POJ 2449 Remmarguts' Date (K短路 A*算法）

题目链接

Description

"Good man never makes girls wait or breaks an appointment!" said the mandarin duck father. Softly touching his little ducks' head, he told them a story.

"Prince Remmarguts lives in his kingdom UDF – United Delta of Freedom. One day their neighboring country sent them Princess Uyuw on a diplomatic mission."

"Erenow, the princess sent Remmarguts a letter, informing him that she would come to the hall and hold commercial talks with UDF if and only if the prince go and meet her via the K-th shortest path. (in fact, Uyuw does not want to come at all)"

Being interested in the trade development and such a lovely girl, Prince Remmarguts really became enamored.

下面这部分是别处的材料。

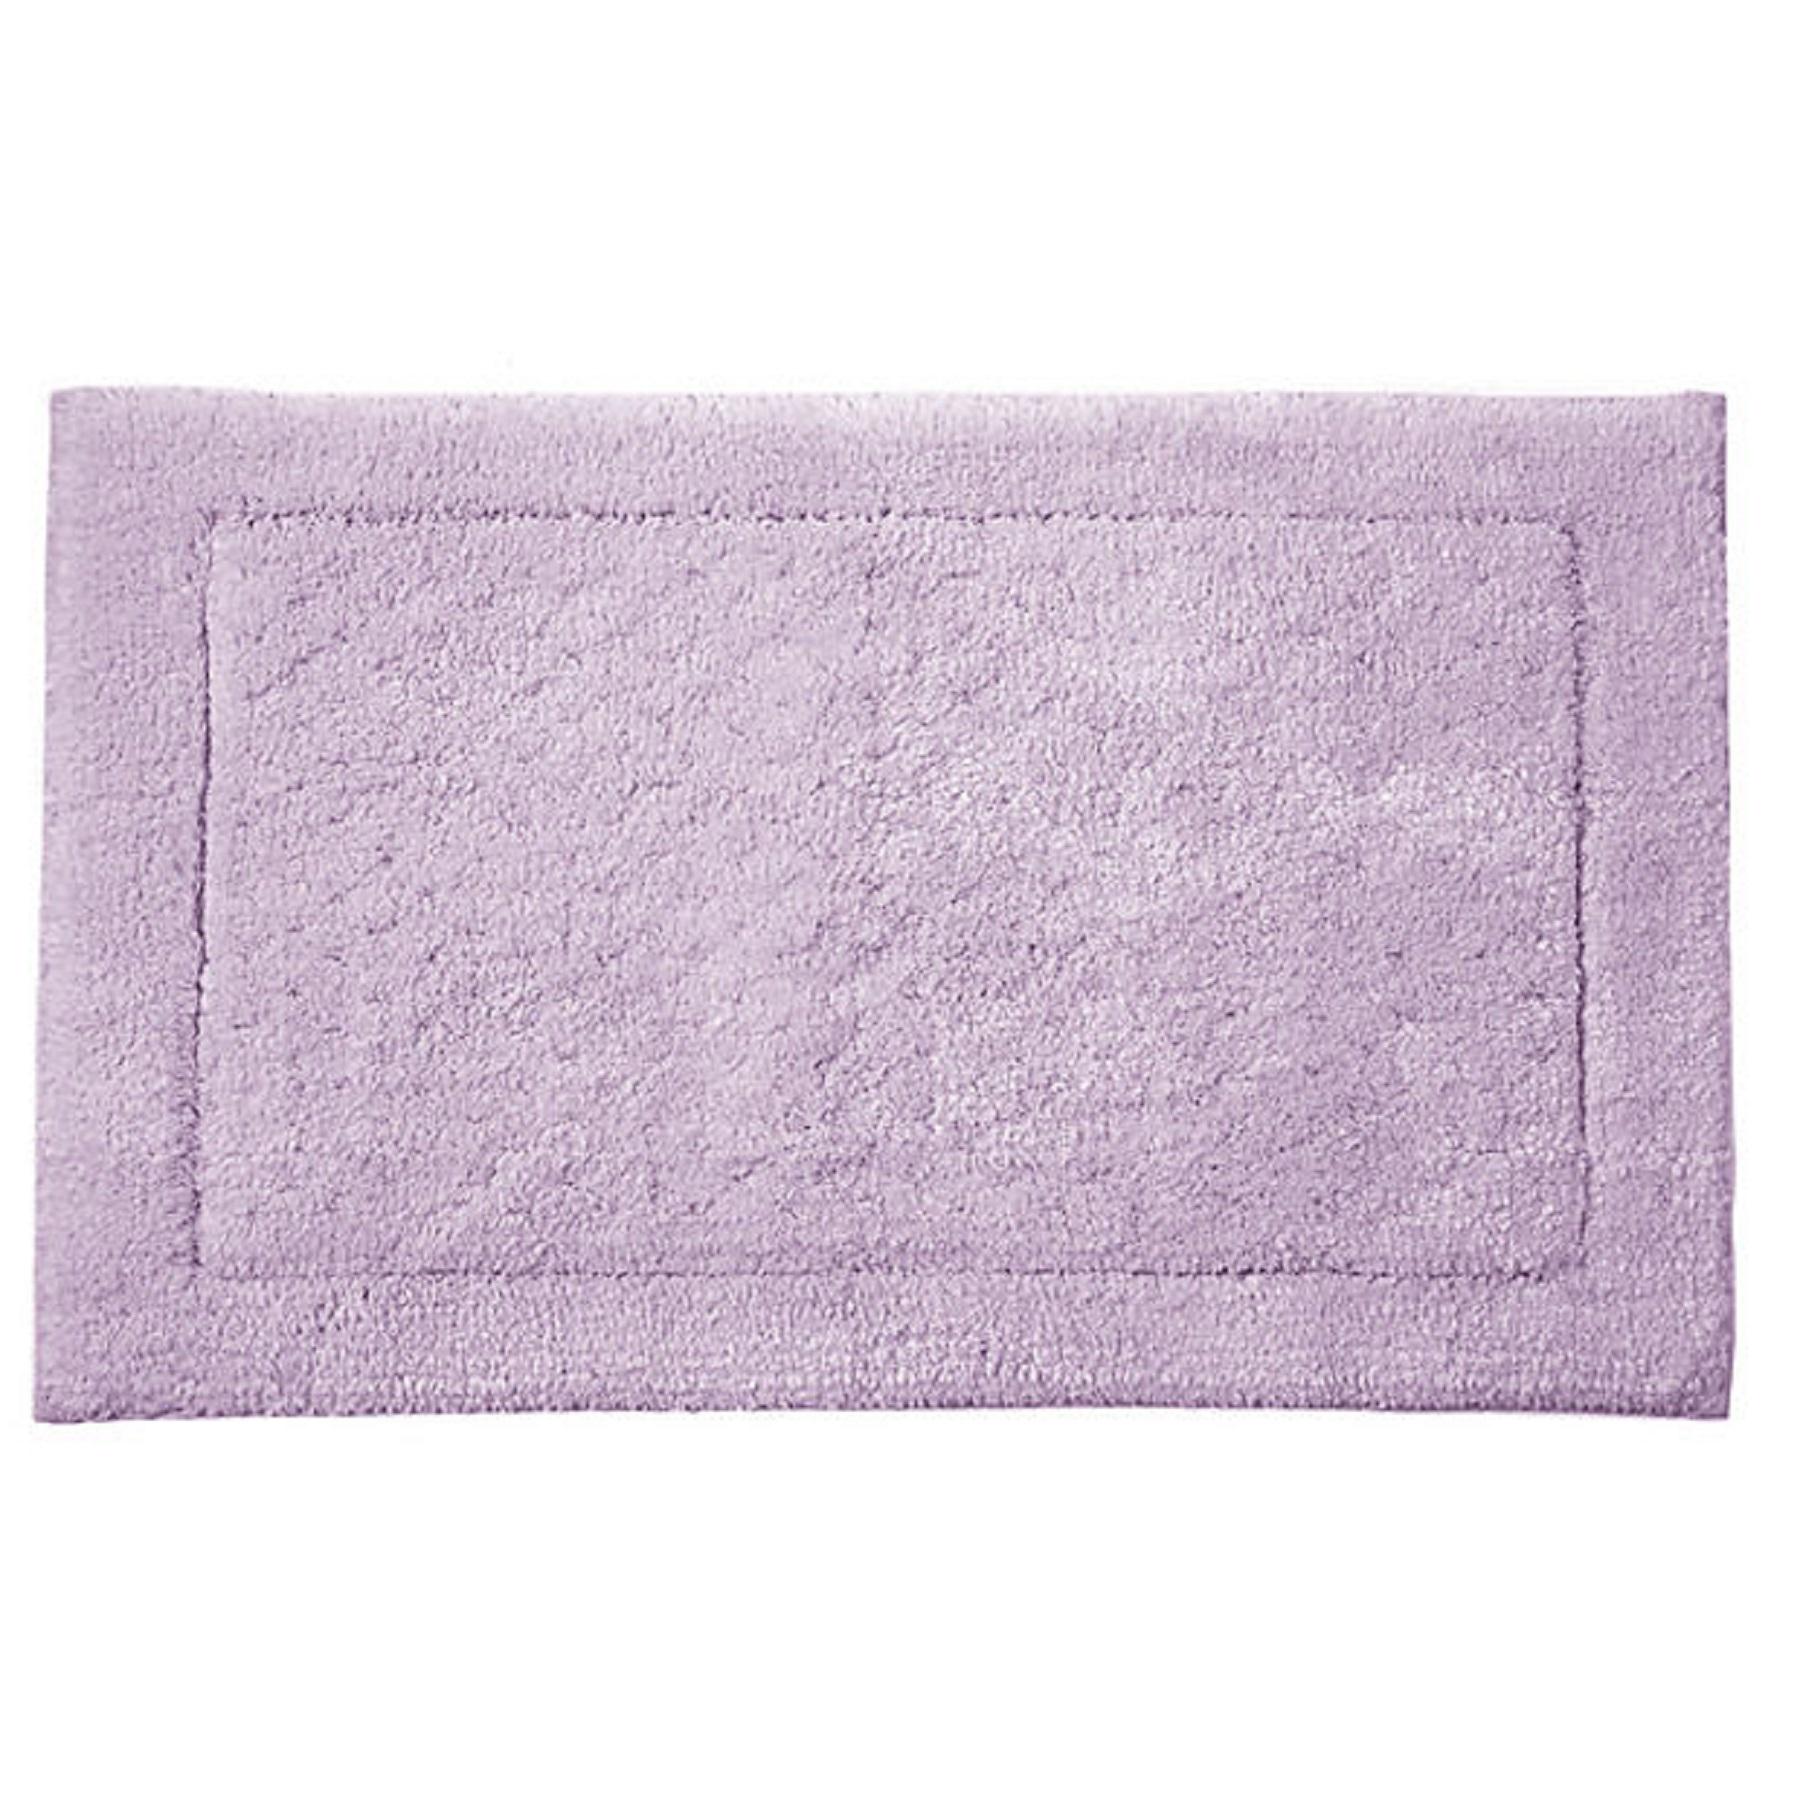 Коврики для ванной Коврик для ванной 61х101 Sublime Lavender Frost SLM-630-LVF.jpg

He needs you - the prime minister's help!

DETAILS: UDF's capital consists of N stations. The hall is numbered S, while the station numbered T denotes prince' current place. M muddy directed sideways connect some of the stations. Remmarguts' path to welcome the princess might include the same station twice or more than twice, even it is the station with number S or T. Different paths with same length will be considered disparate.

Input

The first line contains two integer numbers N and M (1 <= N <= 1000, 0 <= M <= 100000). Stations are numbered from 1 to N. Each of the following M lines contains three integer numbers A, B and T (1 <= A, B <= N, 1 <= T <= 100). It shows that there is a directed sideway from A-th station to B-th station with time T.

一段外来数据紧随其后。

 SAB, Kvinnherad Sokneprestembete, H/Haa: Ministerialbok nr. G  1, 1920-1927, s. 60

The last line consists of three integer numbers S, T and K (1 <= S, T <= N, 1 <= K <= 1000).

Output

A single line consisting of a single integer number: the length (time required) to welcome Princess Uyuw using the K-th shortest path. If K-th shortest path does not exist, you should output "-1" (without quotes) instead.

Sample Input

2 2
1 2 5
2 1 4
1 2 2

Sample Output

14

分析：
对于A* ，它通过一个估价函数F（h）来估计图中的当前点p到终点的距离，并由此决定它的搜索方向，当这条路径失败时，它会尝试其他路径。
估价函数 = 当前值+当前位置到终点的距离，即 F（p）=g（p）+h（p），每次扩展估价函数值中最小的一个。对于k短路算法来说，g（p）为当前从s到p所走的路径的长度，h（p）为从点p到点 t 的最短路的长度，则F（p）的意义就是从s按照当前路径走到 p 后要走到终点 t 一共至少要走多远。也就是说我们每次的扩展都是有方向的扩展，这样就可以提高求解速度和降低扩展的状态数目。为了加速计算，h（p）需要在A*搜索之前进行预处理，只要将原图的所有边反向，再从终点 t 做一次单源最短路径就可以得到每个点的h（p）了。

具体步骤：
使用链式前向星来存储图，由于需要预处理所有点到终点T的最短路径，就需要将图G中所有的边反向得到图G'，再从终点T做单元最短路径，所以实际上时两张图。

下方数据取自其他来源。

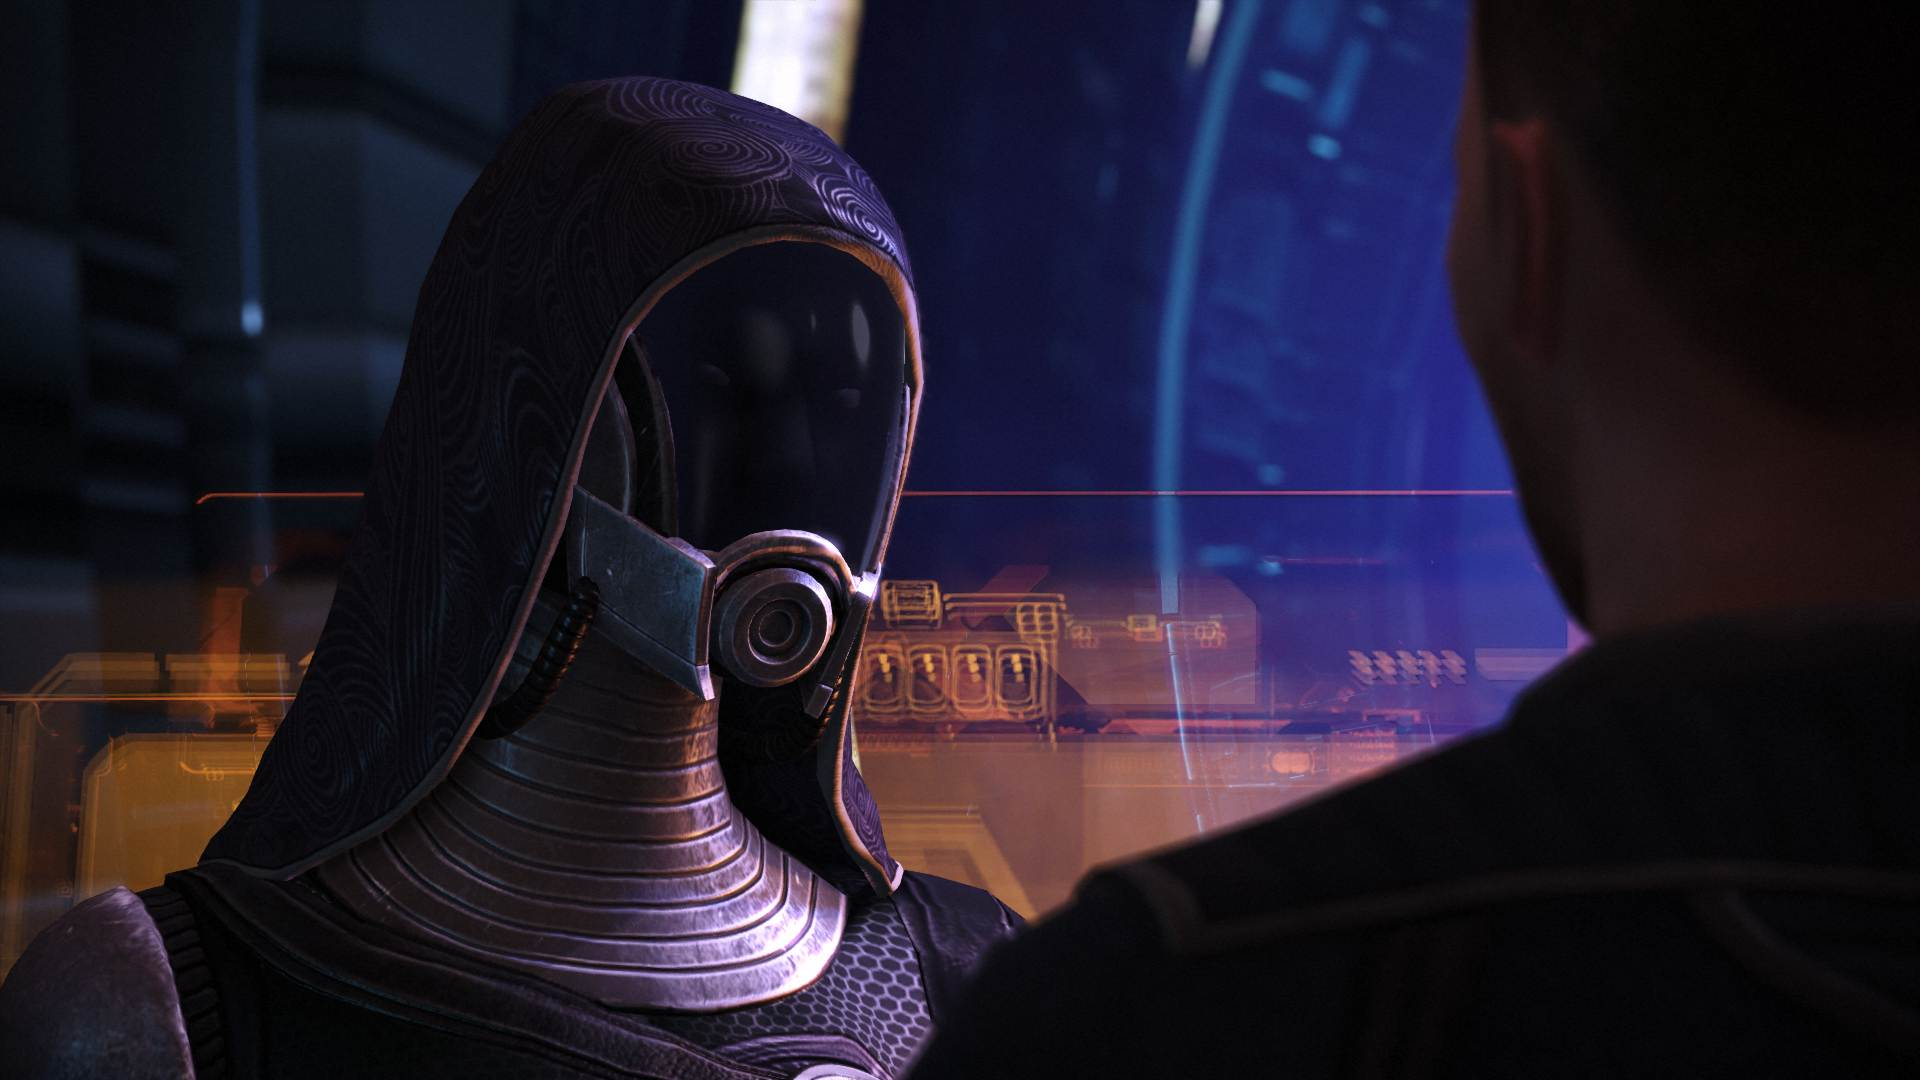 Mass Effect Legendary Edition changes infamous photo of Tali screenshot

1.将有向图的所有边反向。以t（终点）为源点，求解点T到所有点的最短距离。其目的是要求所有点到终点T的最短距离，用数组dis[i]表示点i到点T的最短距离，其实dis[i]就是后面要用到的h(x)。这一步可以用Dijkstra算法或则SPFA算法。
2.新建一个优先队列，将源点S加入到队列中。
3.从优先队列中弹出f（p）最小的点p，如果点p就是t，则计算t出队的次数，如果当前为T的第k次出队，则当前路径的长度就是S到T的第k短路的长度，算法结束，否则遍历与p相连的所有的边，将扩展出的到p的邻接点信息加入到优先队列。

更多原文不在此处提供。